* [Exercise brief] Transcribe the data in full and exactly, omitting any pictures.

**** Data ****

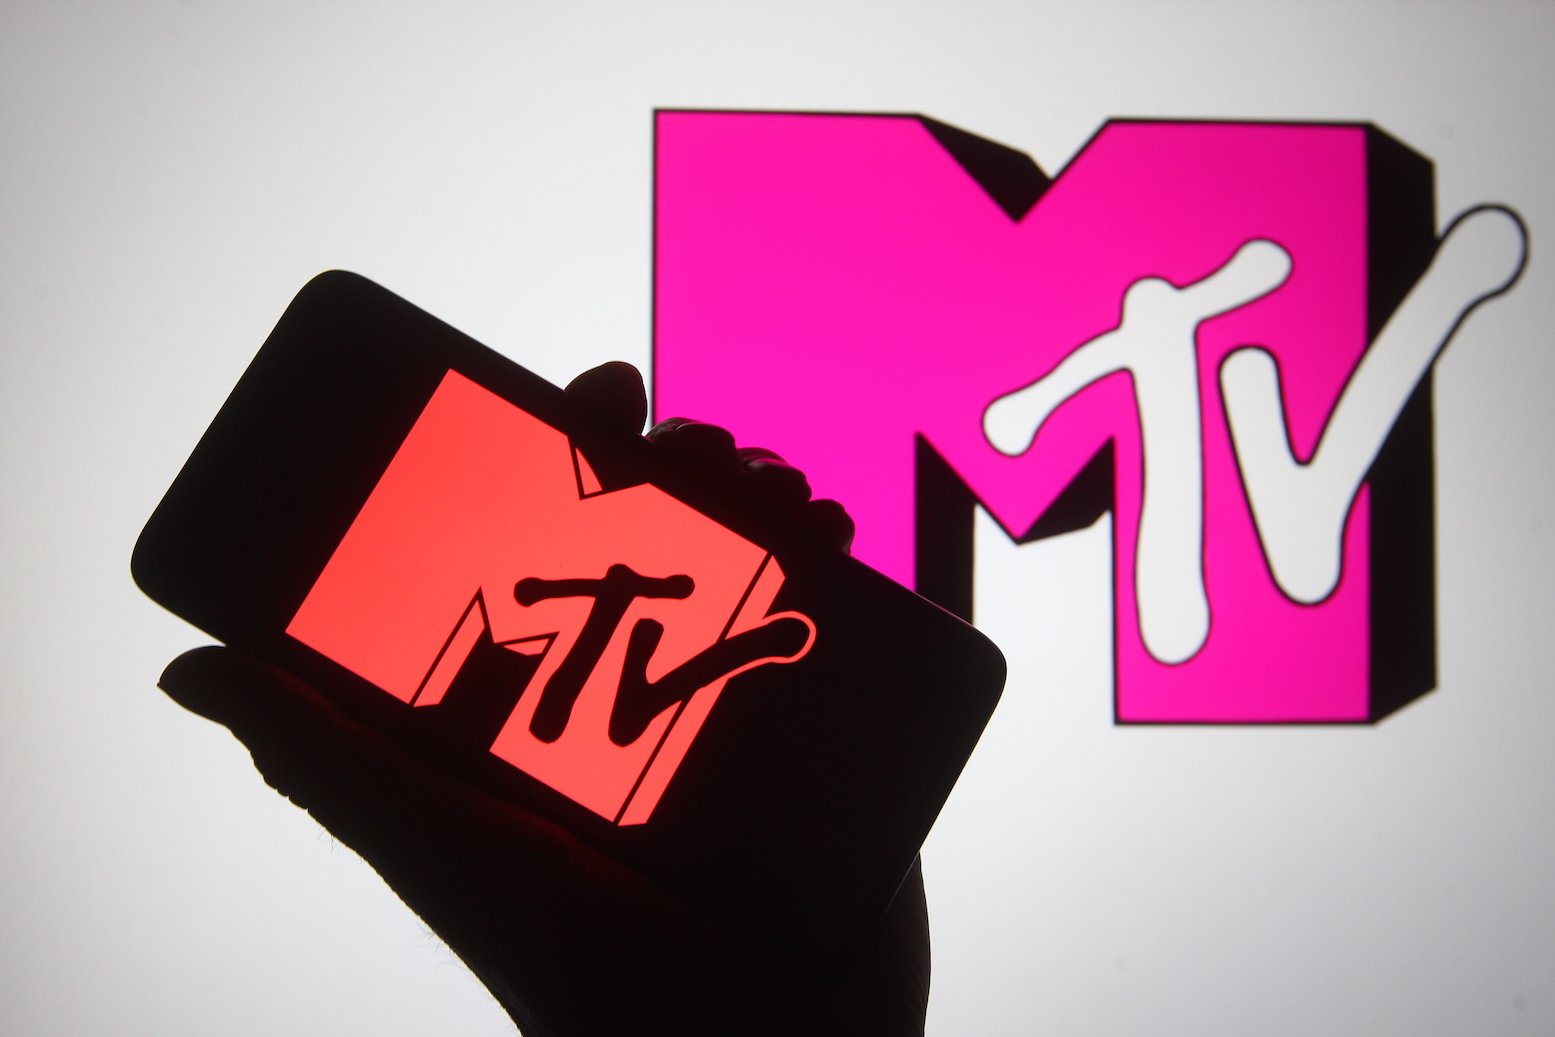 An illustration of a silhouette of a hand holding an MTV symbol. Chris Pearson's death rocked the MTV community in October 2021, and his ex, Haley Read, posted about it to Instagram
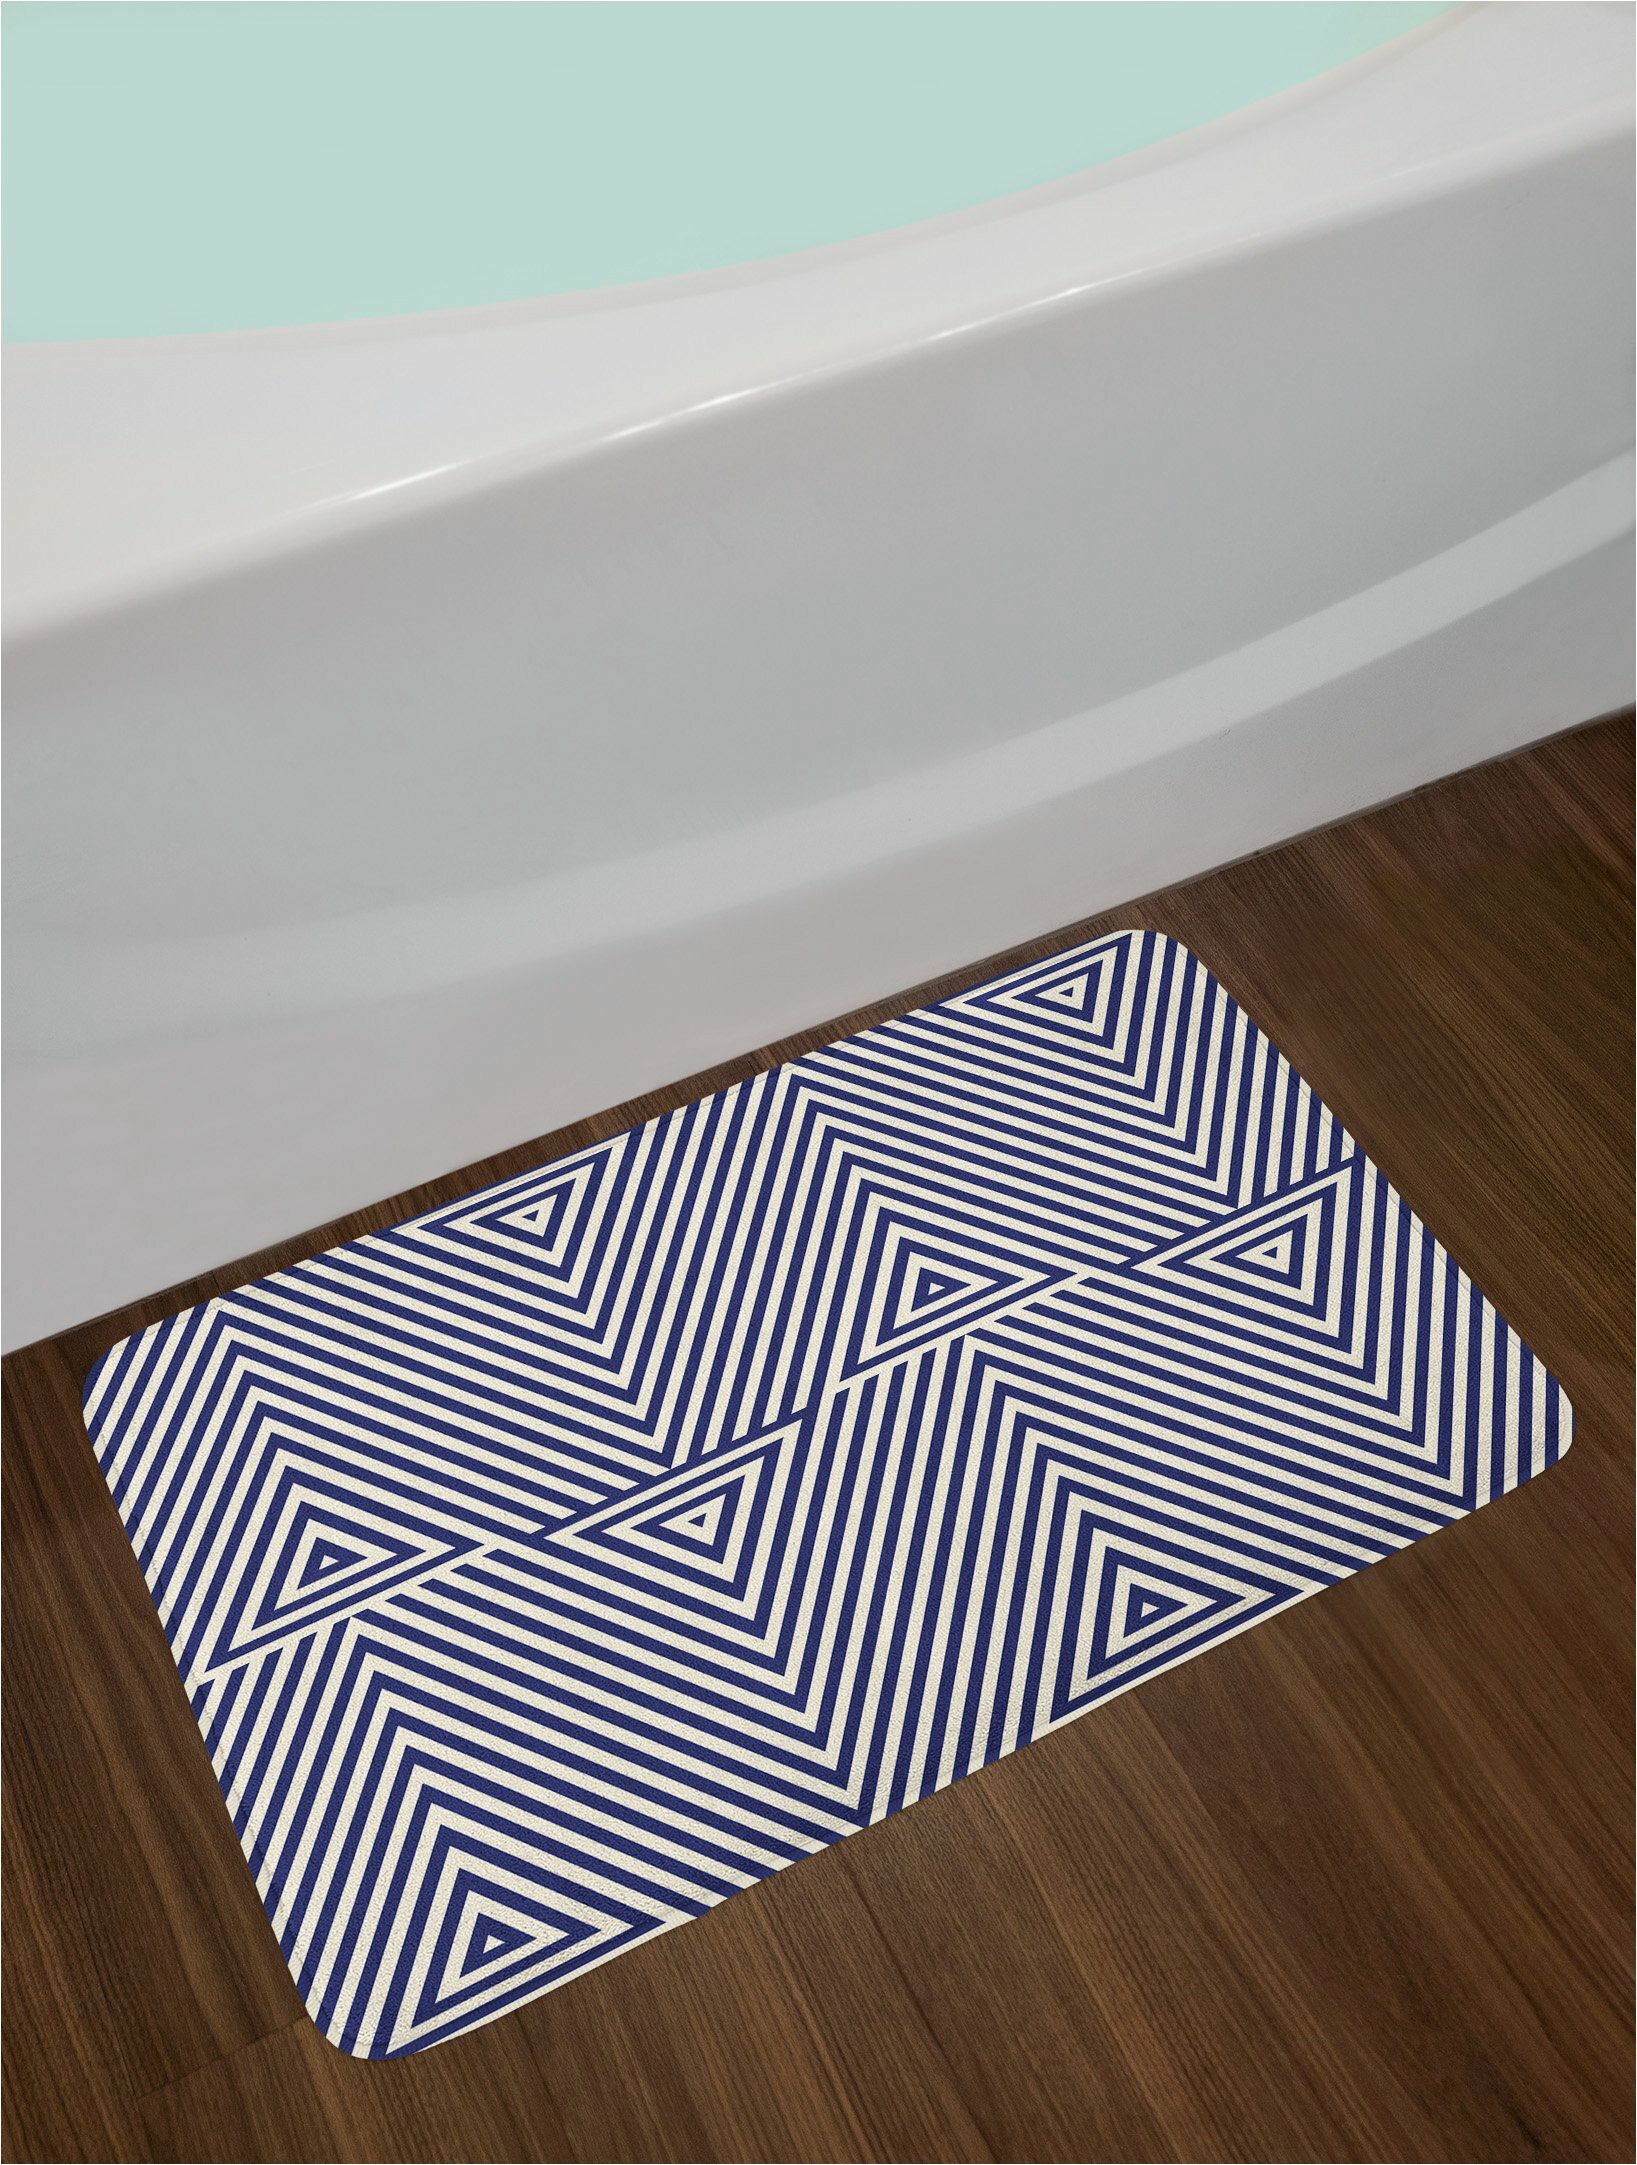 Navy Blue and White Bathroom Rugs Cool Dark Blue and White Navy Blue Bath Rug
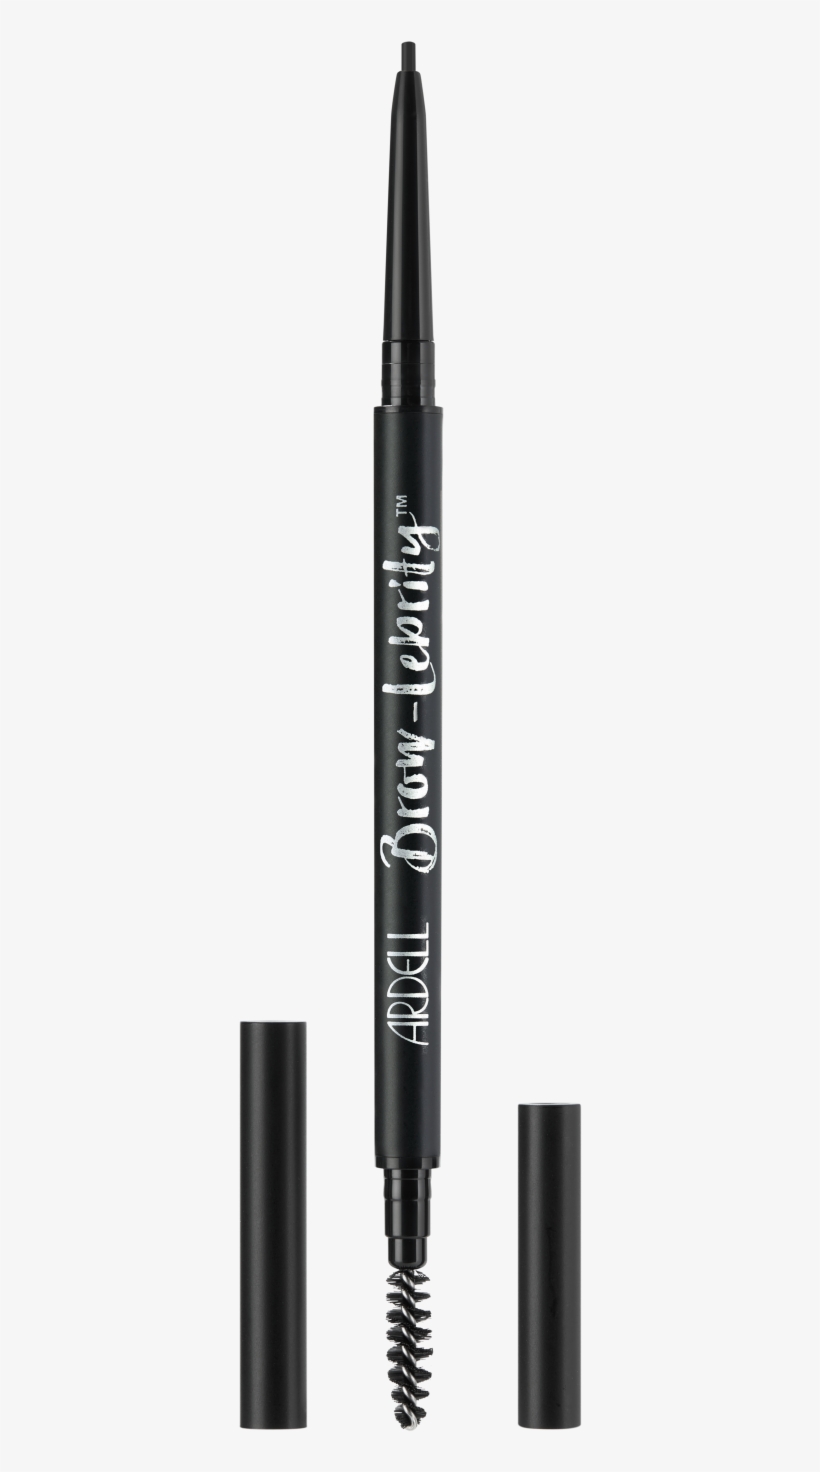 Soft Black Brow Lebrity Micro Brow Pencil By Ardell - Ardell Brow-lebrity Micro Brow Pencil, transparent png #7626558

****

* [Your solution]
 An illustration of a silhouette of a hand holding an MTV symbol. Chris Pearson's death rocked the MTV community in October 2021, and his ex, Haley Read, posted about it to Instagram
 Navy Blue and White Bathroom Rugs Cool Dark Blue and White Navy Blue Bath Rug
 Soft Black Brow Lebrity Micro Brow Pencil By Ardell - Ardell Brow-lebrity Micro Brow Pencil, transparent png #7626558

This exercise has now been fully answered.